(Input data begins)

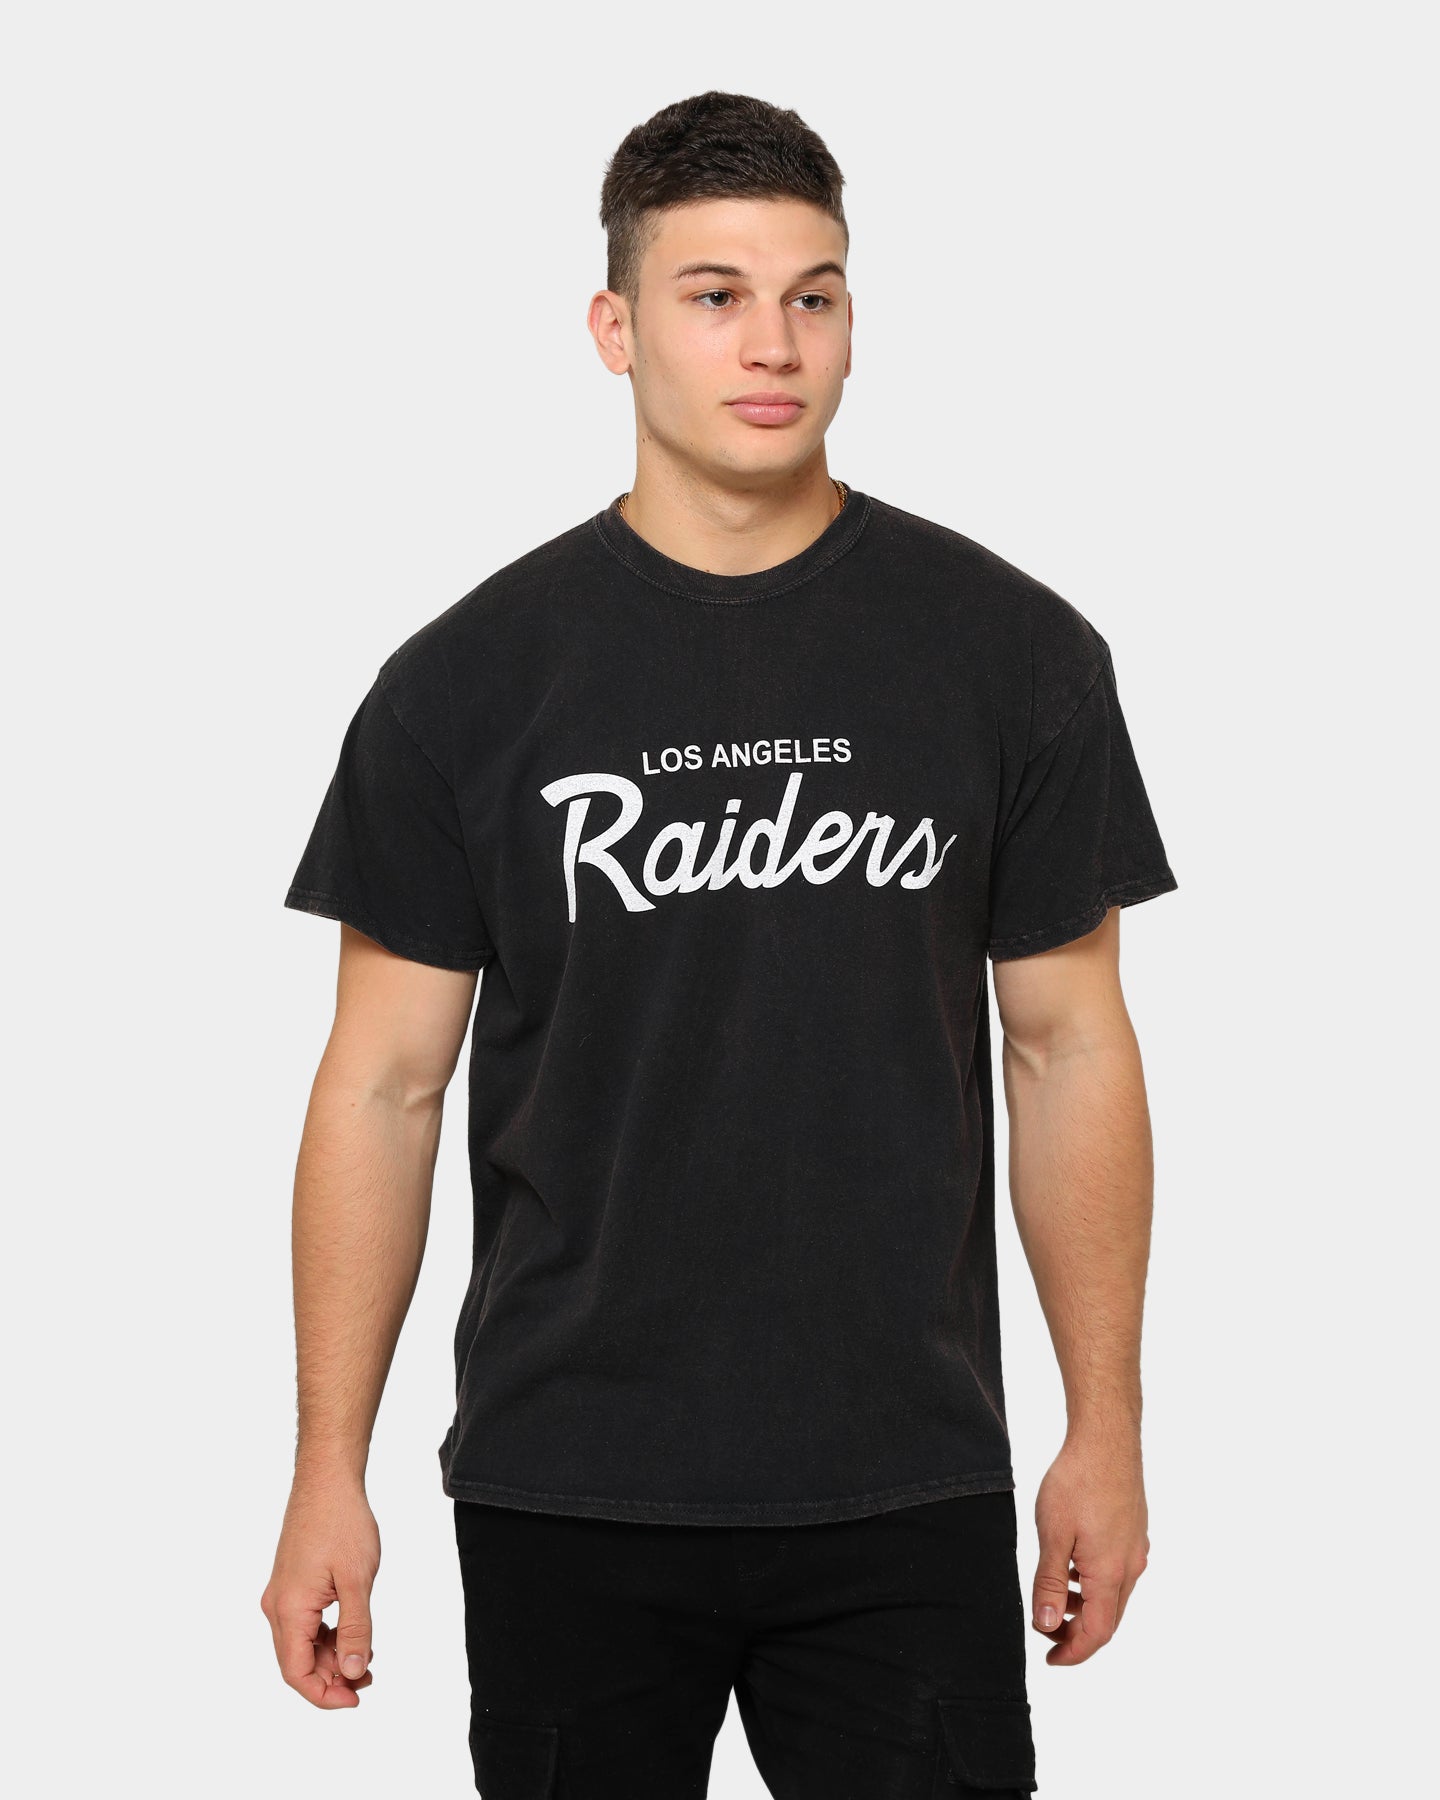 raiders tee shirt
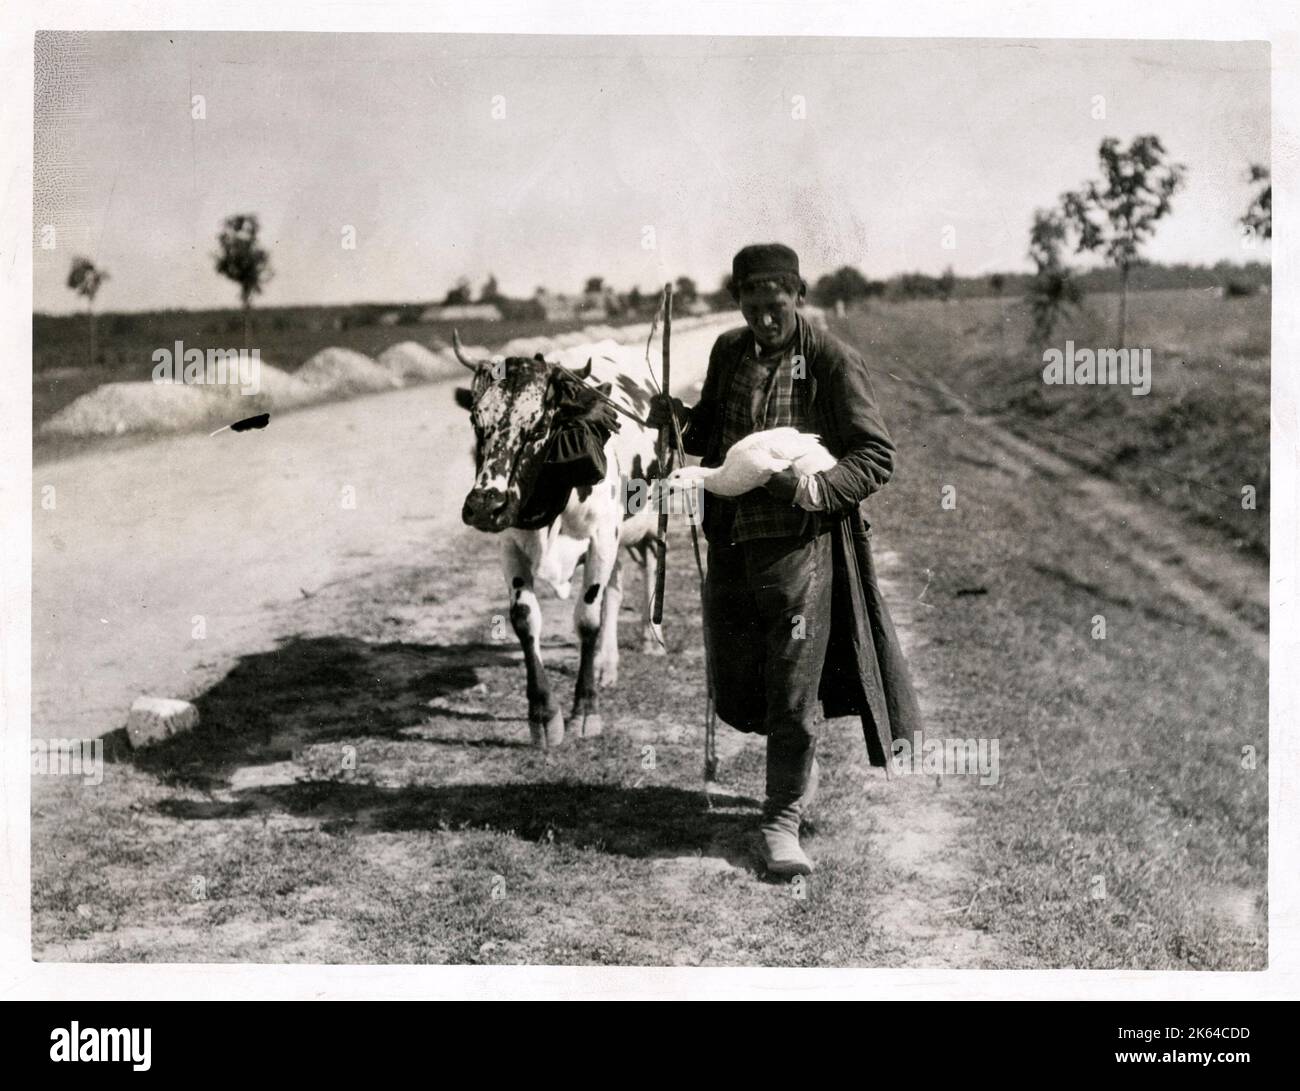 Polnischen Flüchtling flieht mit seinen Besitz - eine Kuh und ein Gans - vor der Deutschen in Polen während des Zweiten Weltkriegs. Stockfoto
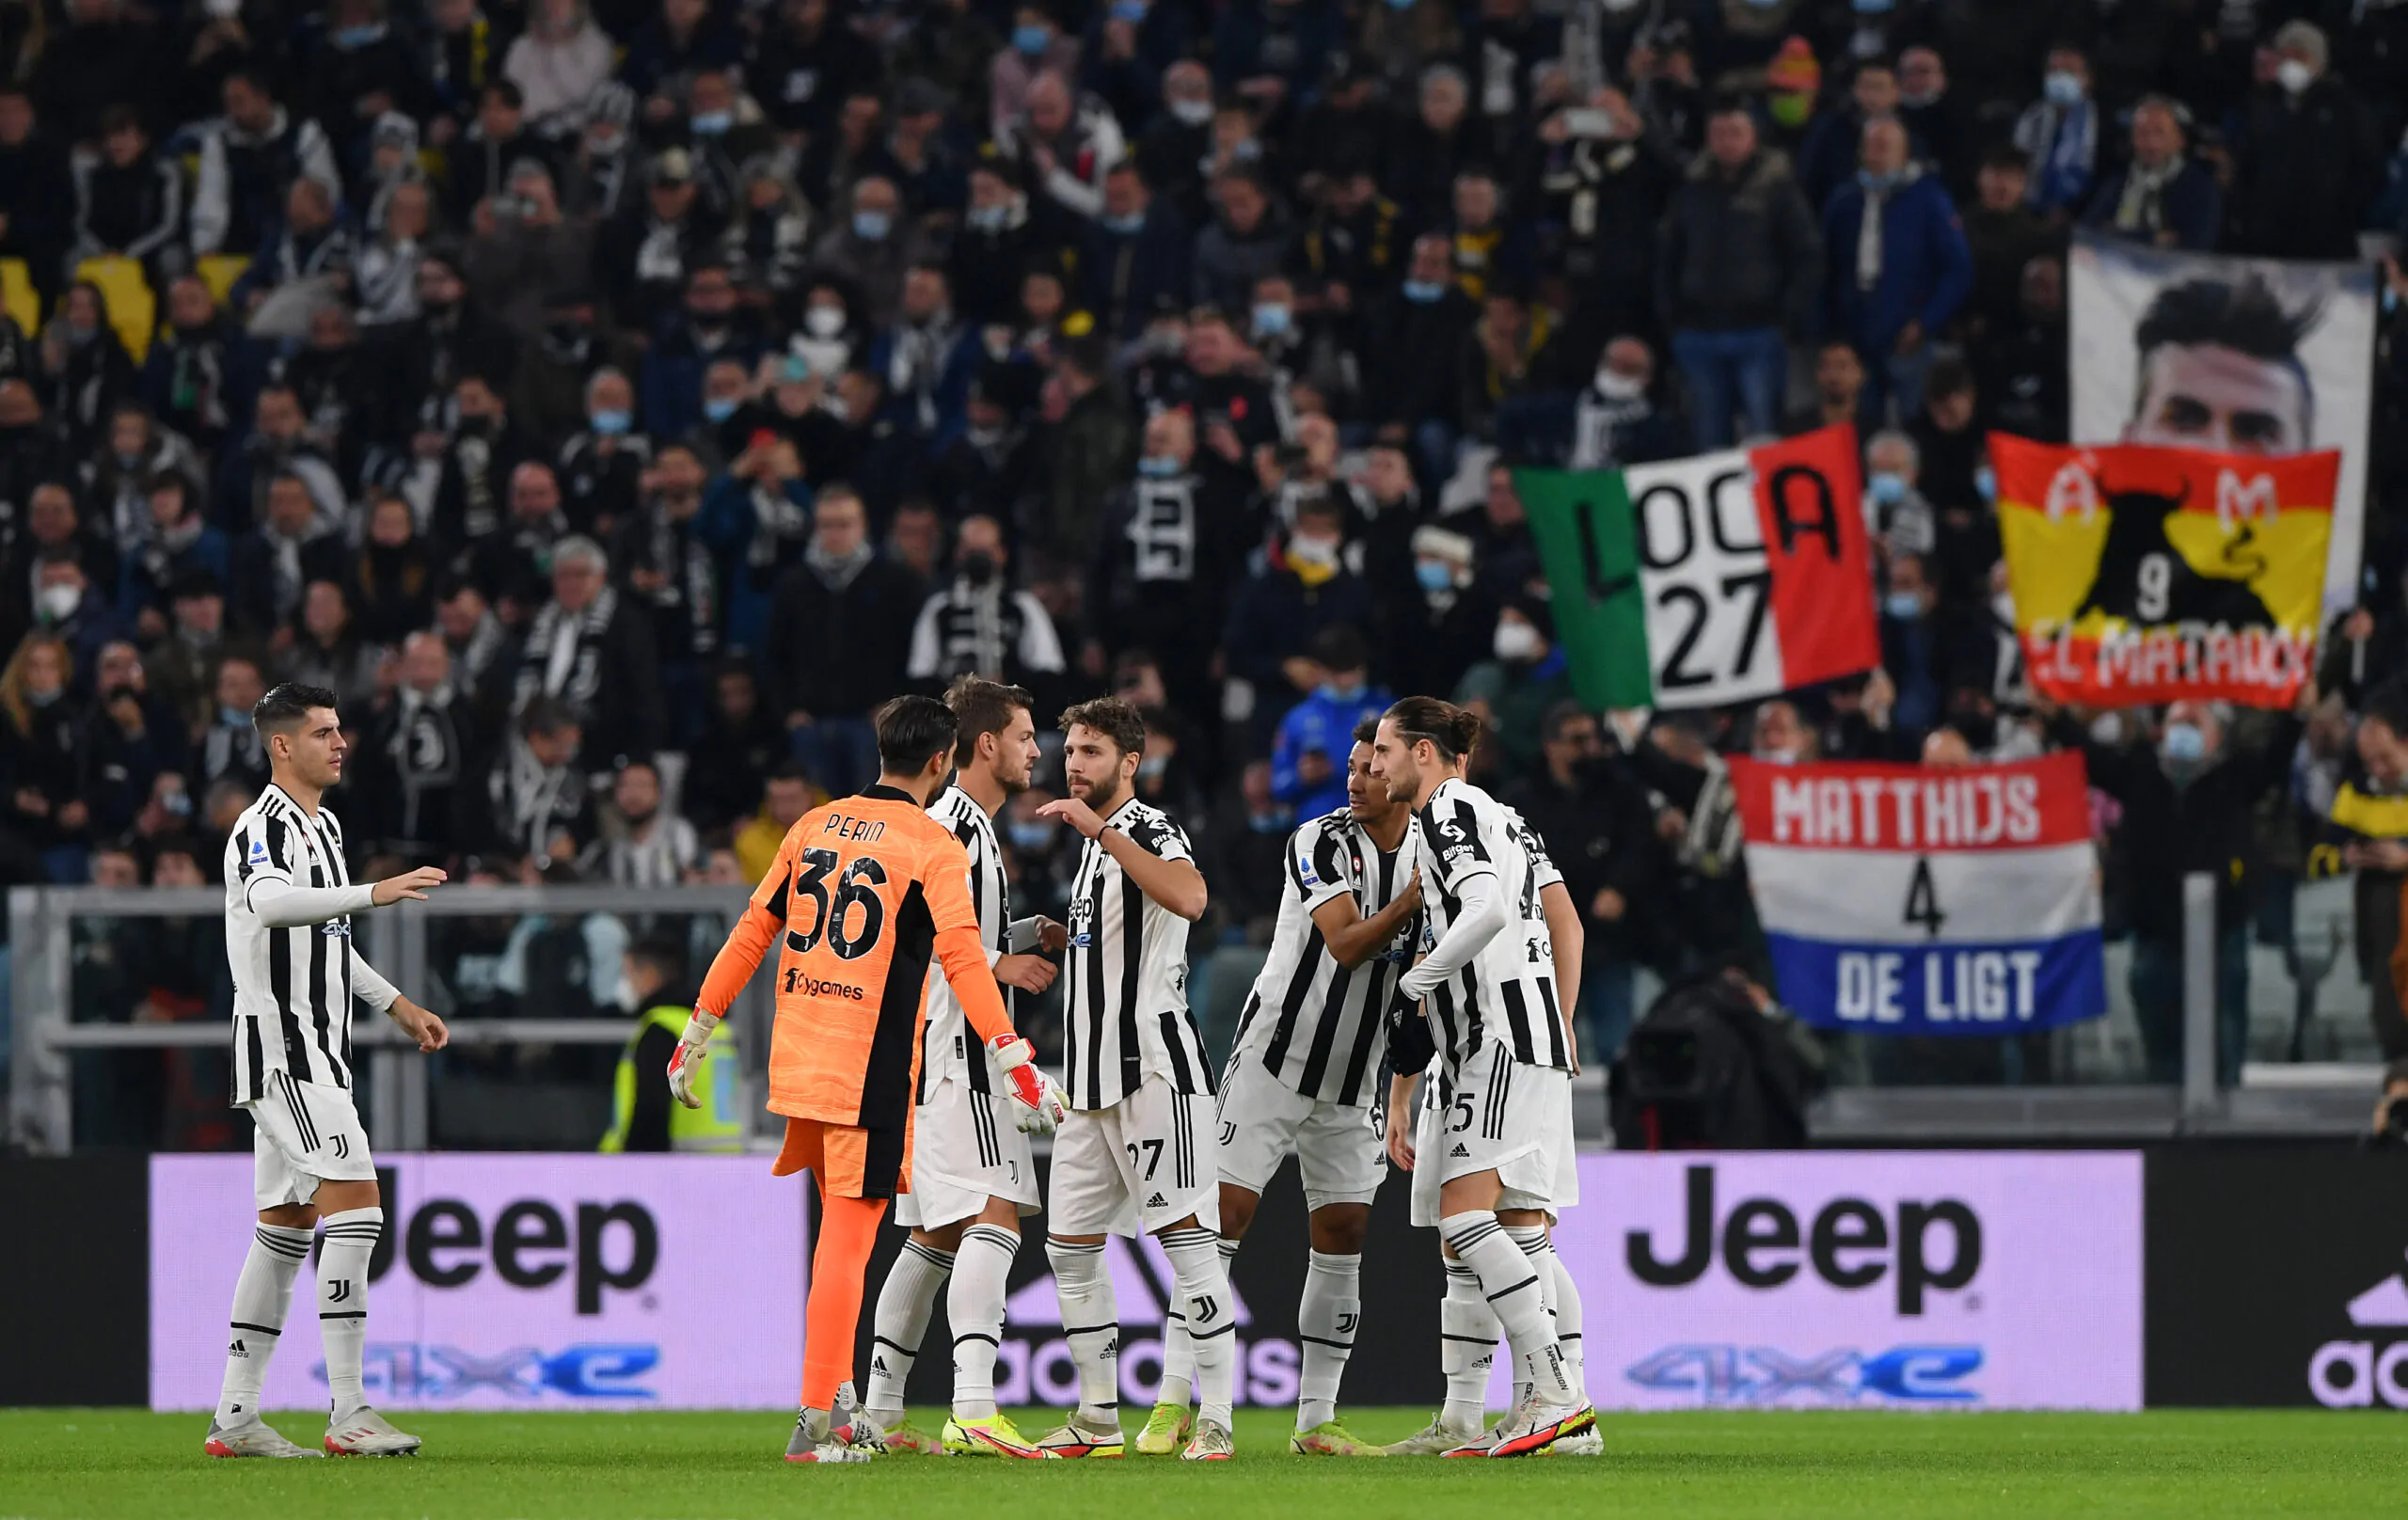 Il giornalista punge i bianconeri: “Alla Juventus sono tutti tuffatori”

(Input data ends)

[Task statement]
Begin the copy at the line containing "Polnischen Flüchtling flieht" and end it at the final line of the material above, reproducing each line exactly and omitting pictures.

[Exercise result]
 Polnischen Flüchtling flieht mit seinen Besitz - eine Kuh und ein Gans - vor der Deutschen in Polen während des Zweiten Weltkriegs. Stockfoto
 Il giornalista punge i bianconeri: “Alla Juventus sono tutti tuffatori”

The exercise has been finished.